Bright Star Play Review
The dandelions swayed in the gentle breeze as the audience soaked up the remainder of the waning sunshine, sprawled out among their distanced blankets politely murmuring amongst themselves. Needless to say, the audience’s wishes were fulfilled that idyllic evening by Sarofim Theater’s amazing performance. Perched atop a hill, I sat devouring a double cheeseburger all the while eating up every second of the complex plot unfolding before me. Bright Star by Steve Martin chronicalizes the journey of Alice Murphy, a girl who fell pregnant at the tender age of 16. Alice was knocked up by the Mayor’s son Billie, and was forced to give up her child to avoid tarnishing the distinguished family’s reputation.

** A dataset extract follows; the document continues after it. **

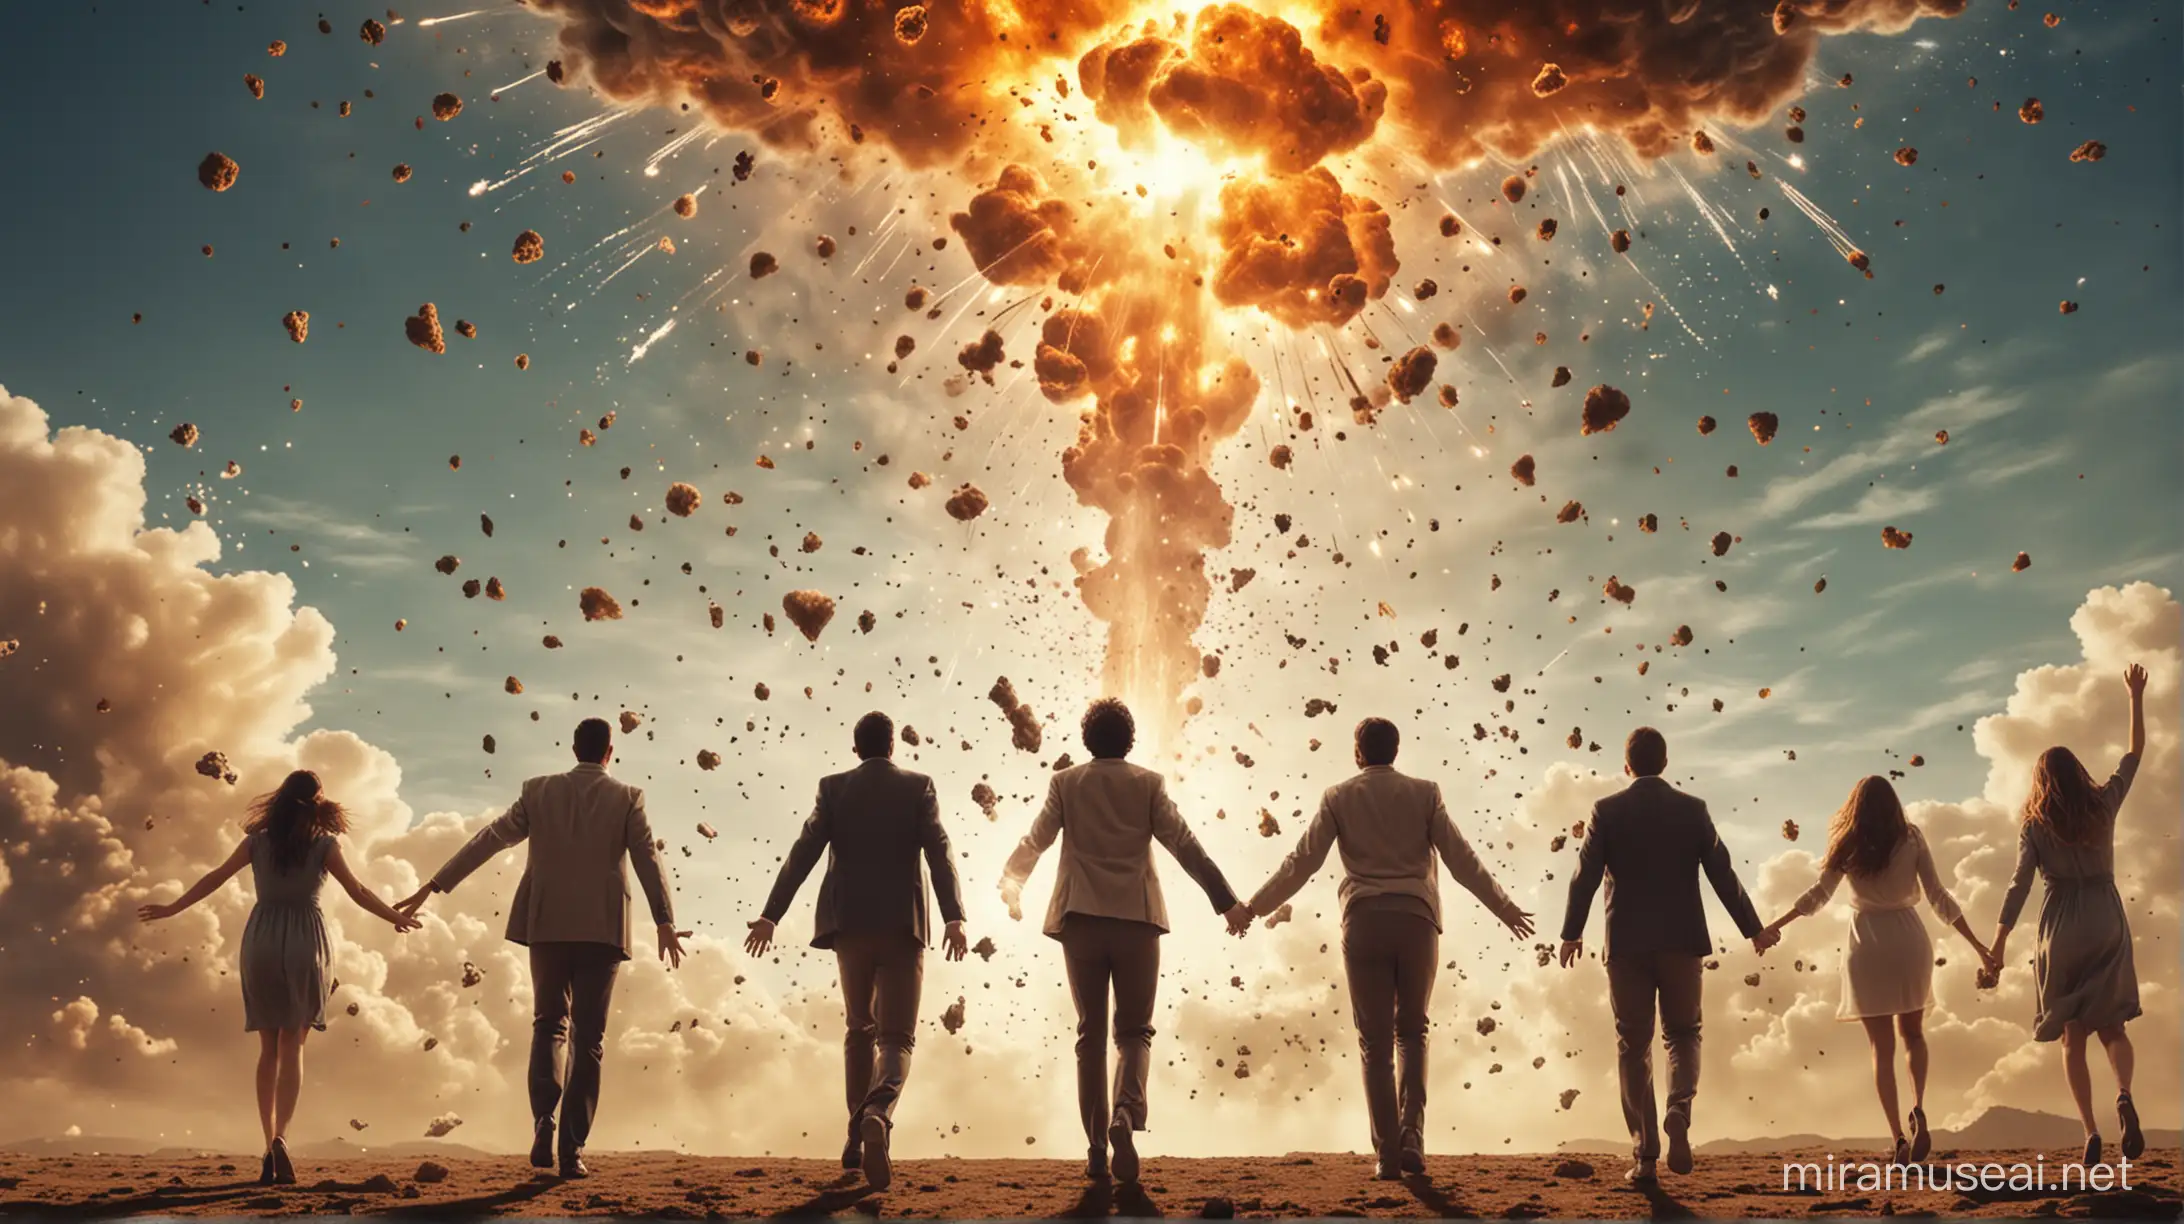 Spectacular Rapture People Ascending Amid Explosions

The braided narrative rotated between Alice, a free spirited youngin’ in the Blue Ridge Mountains to her life 22 years later– as a well off magazine editor of the Asheville Southern Journal. Through the investigation of her past horrors and present reality, the identity of her long lost son gradually becomes apparent. Alice finds herself having a special connection to a bright writer on the staff of her newspaper in her later life, and it is revealed that this boy is her son. This is the absolute precipice of the plot, as the audience had been led to believe that the “illegitimate” child had been murdered, instead of being put up for adoption. The suspenseful tale contained many quotable lines by supporting cast members which serve to be the focus of this article.
Lucy Grant, played by Faith Madsen, strutted her stuff unapologetically– her hilariously alluring physicality aroused an elated roar from the crowd. Lucy quotably stated:
“I don’t know anyone who doesn’t like to feel good all the time. Pour me another round!”

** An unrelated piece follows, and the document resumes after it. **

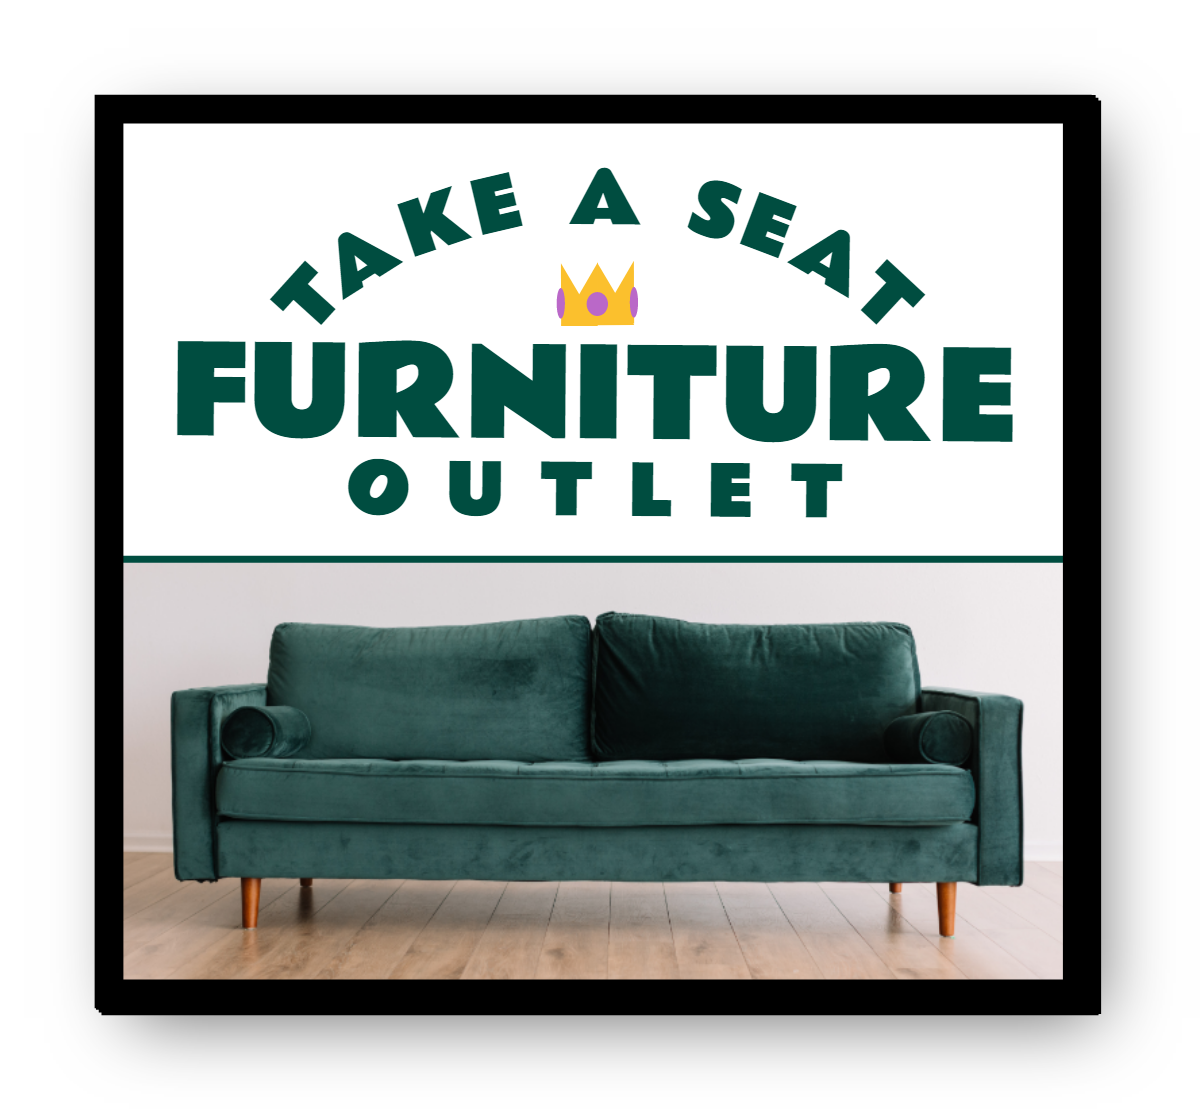 Take A Seat Furniture Outlet Single Faced Lit Cabinet Sign

I wondered if Faith was channeling her true wild self, or if Lucy’s life philosophy greatly differed from her own. This prompted me to ask the actress her take on this free spirited mindset. Faith, do you too live life with this bohemian mentality?
“I would say Lucy and I share some qualities but she certainly is a bit more wild than myself. I love to have a good time but Lucy takes it to the next level! She rocks the bar and is the buzz of the social scene: dipping, twirling, drinking, and seducing is the name of her game. She was so fun to play, and I’m honored to have brought my take to her character!”
The love ballot to liquor was by far the most lighthearted of all songs included in the musical, most of which poked large holes in the traditional notion of family. Through this play the very concept of illegitimate children was theatrically abolished. Adam Krawl played the murderous Mayor, who attempted to kill his “bastard” grandchild for the sake of preserving his family name. The mayor defended his malicious actions by singing:
“A man must protect his family.”
After hearing this proclamation, I wondered what Adam’s take was on this principle of manhood. Not specifically as it pertained to infanticide, but to paternal roles as a whole. Do you agree that men must protect their families? (The following has been edited for clarity.)
“That’s definitely not an end all be all statement. There are a lot of damaging ways a person can take that idea to the extreme if they solely follow that expression and are unwilling to compromise. In fact, sometimes if all you follow is that principle and set aside your morals– you risk inflicting more harm on your family than good.”
Bright Star accurately defined the true meaning of family: Regardless of how fractured a family structure is, your people are still your people.